### About this task
Please, without any pictures, set down exactly the part of the listing below that opens with the line containing "four mini pizzas" and closes with the line containing "NewChurch Podcast show art".

### Dataset excerpts
[Start of Attachment]
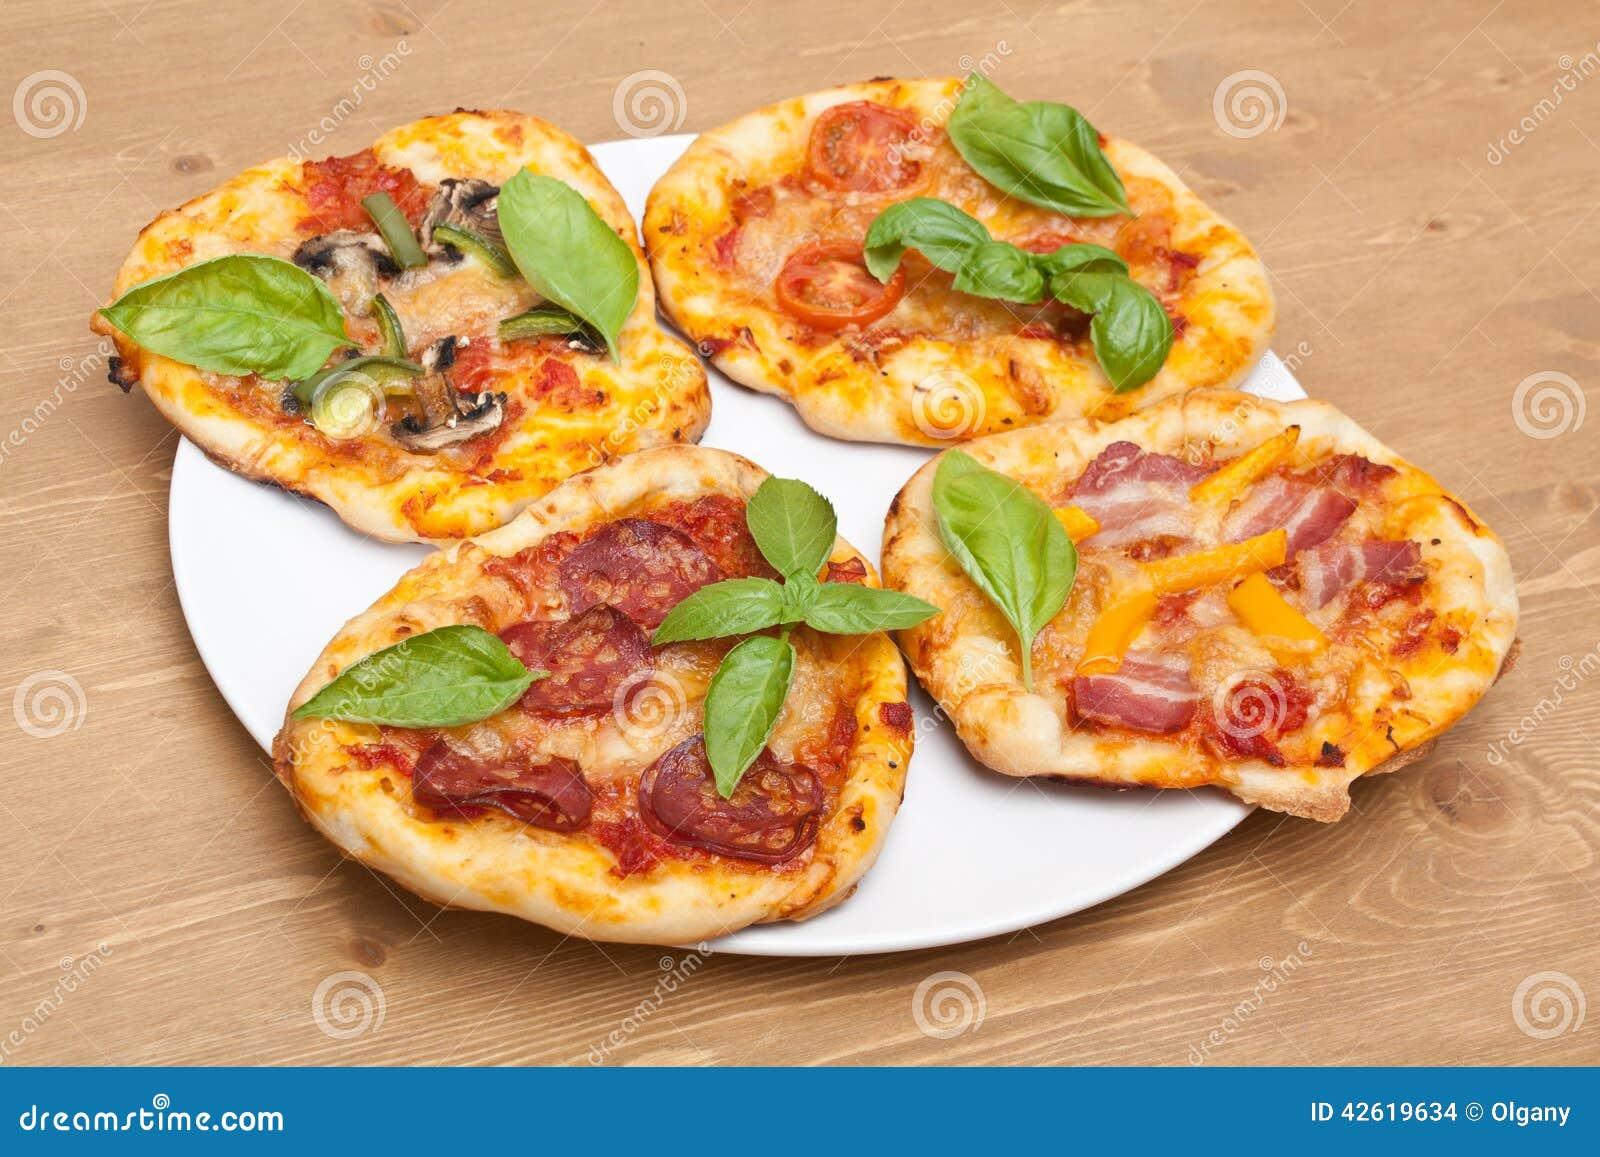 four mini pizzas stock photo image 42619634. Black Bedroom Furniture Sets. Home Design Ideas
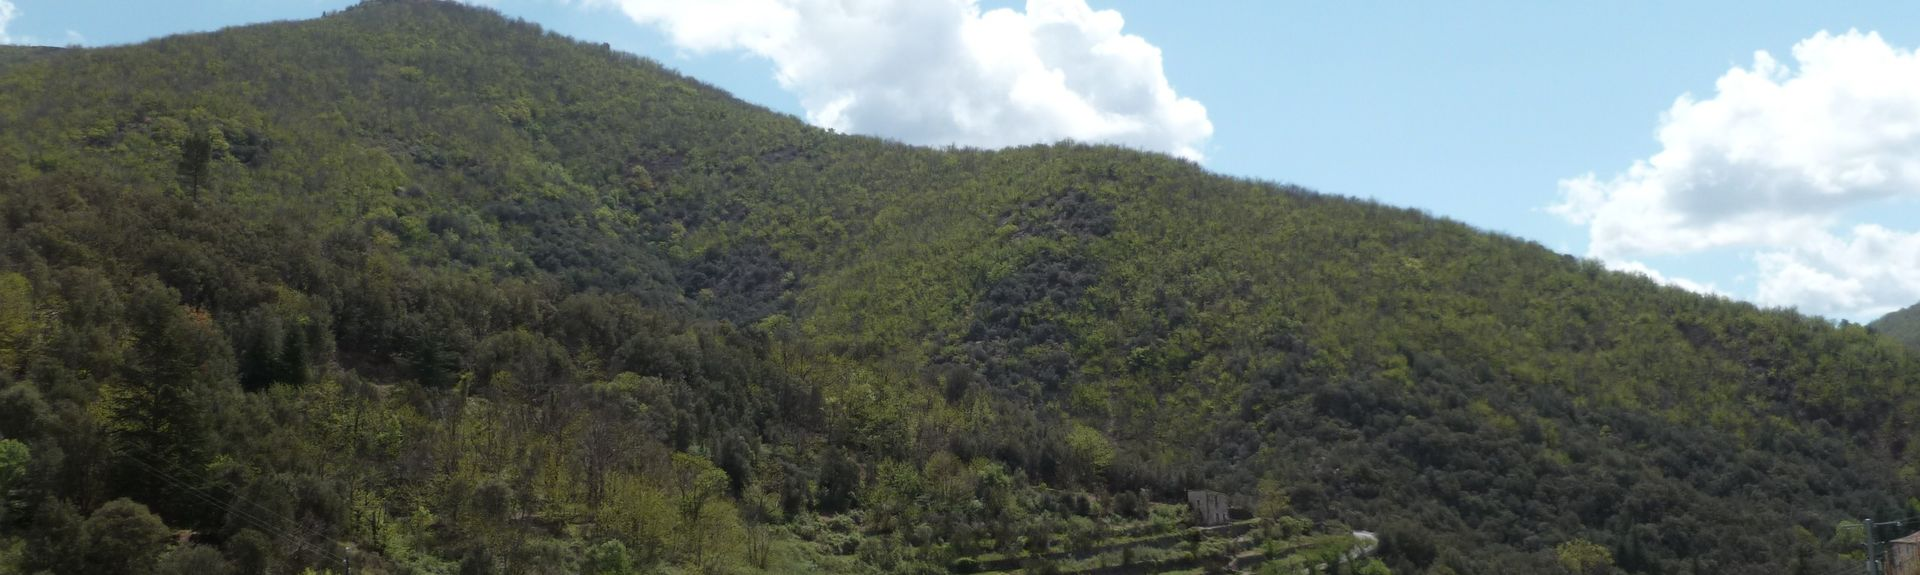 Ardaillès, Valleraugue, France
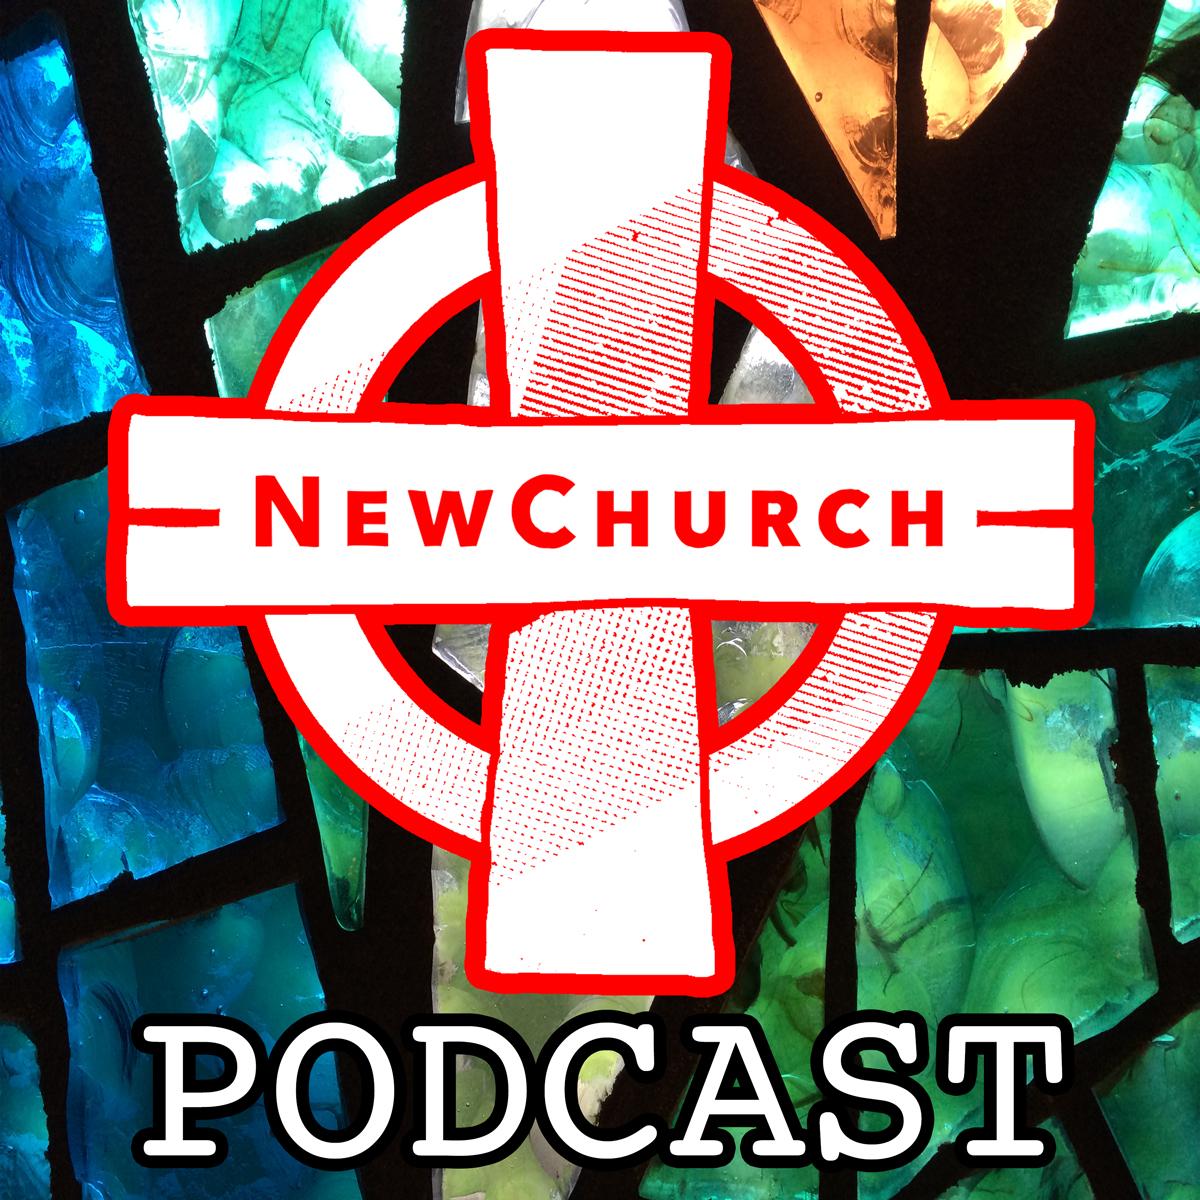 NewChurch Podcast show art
[End of Attachment]
[Start of Attachment]
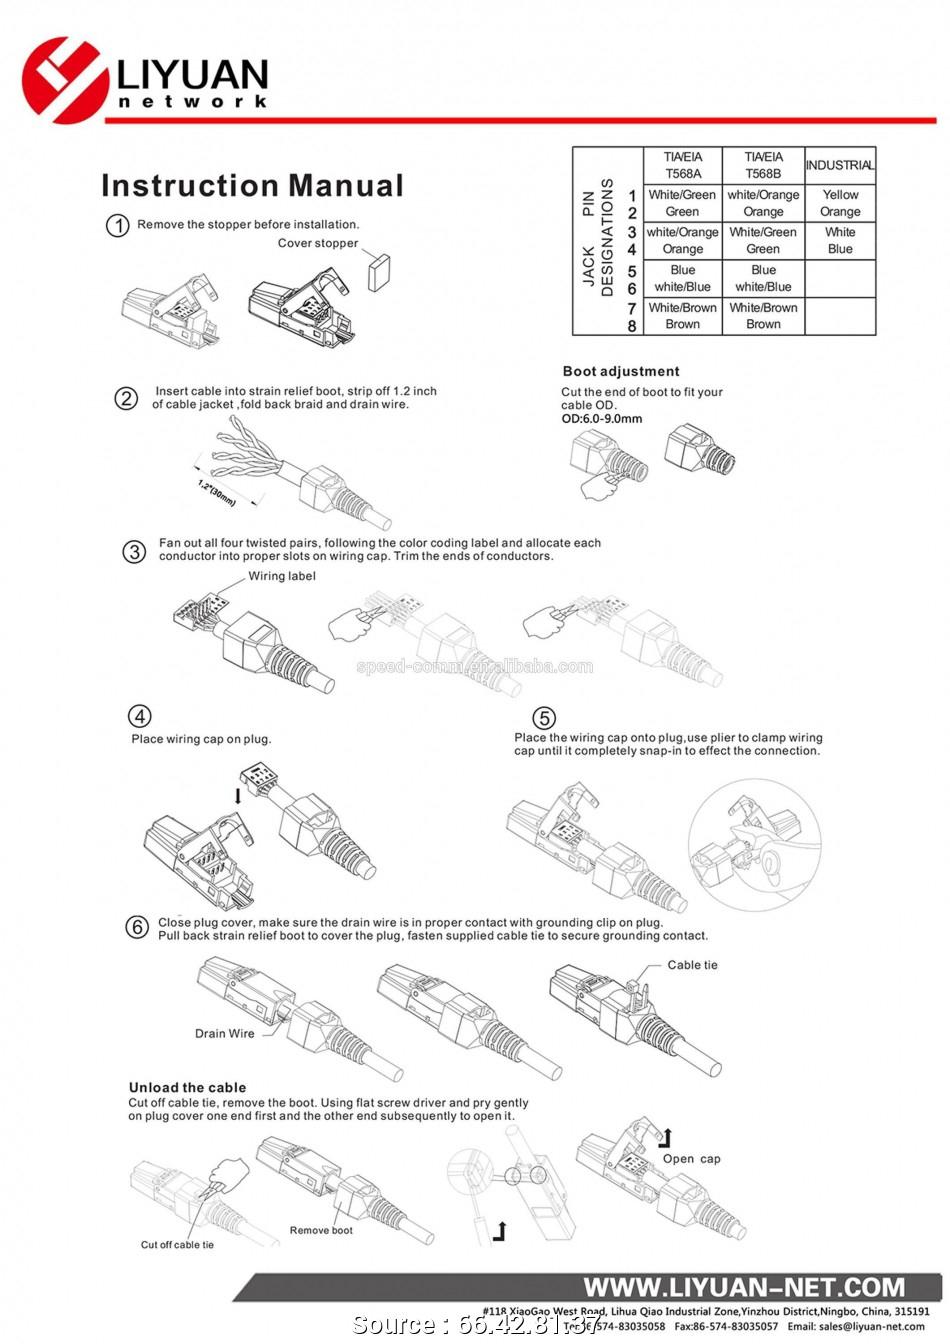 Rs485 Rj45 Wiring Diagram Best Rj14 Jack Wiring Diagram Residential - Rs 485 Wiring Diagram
[End of Attachment]
[Start of Attachment]
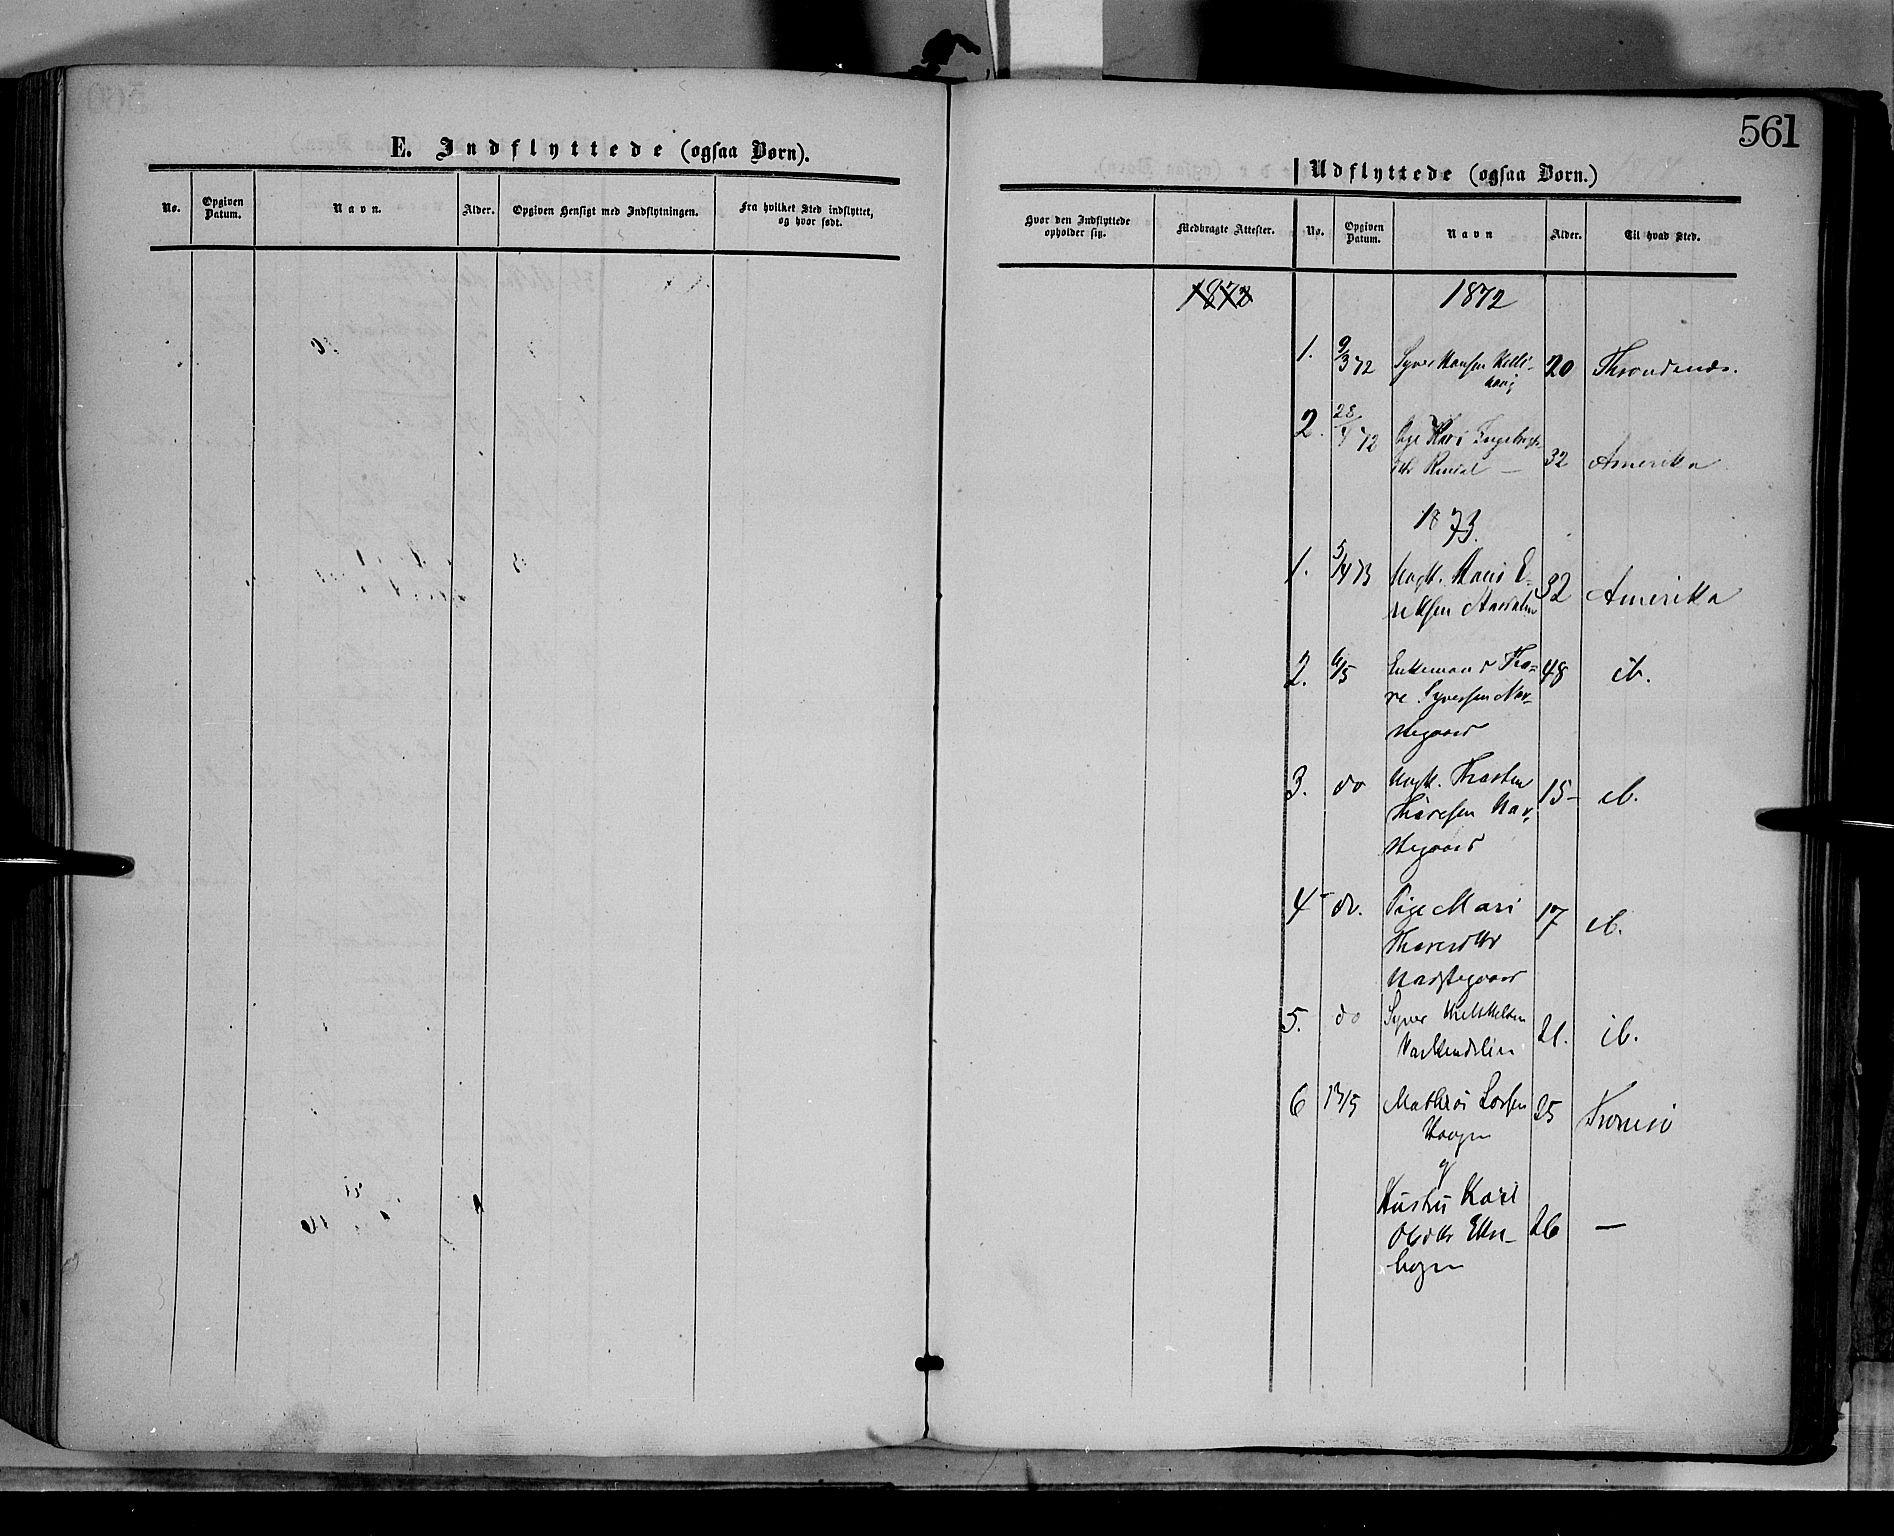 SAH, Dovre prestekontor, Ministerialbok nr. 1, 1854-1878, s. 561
[End of Attachment]
### Written response
 four mini pizzas stock photo image 42619634. Black Bedroom Furniture Sets. Home Design Ideas
 Ardaillès, Valleraugue, France
 NewChurch Podcast show art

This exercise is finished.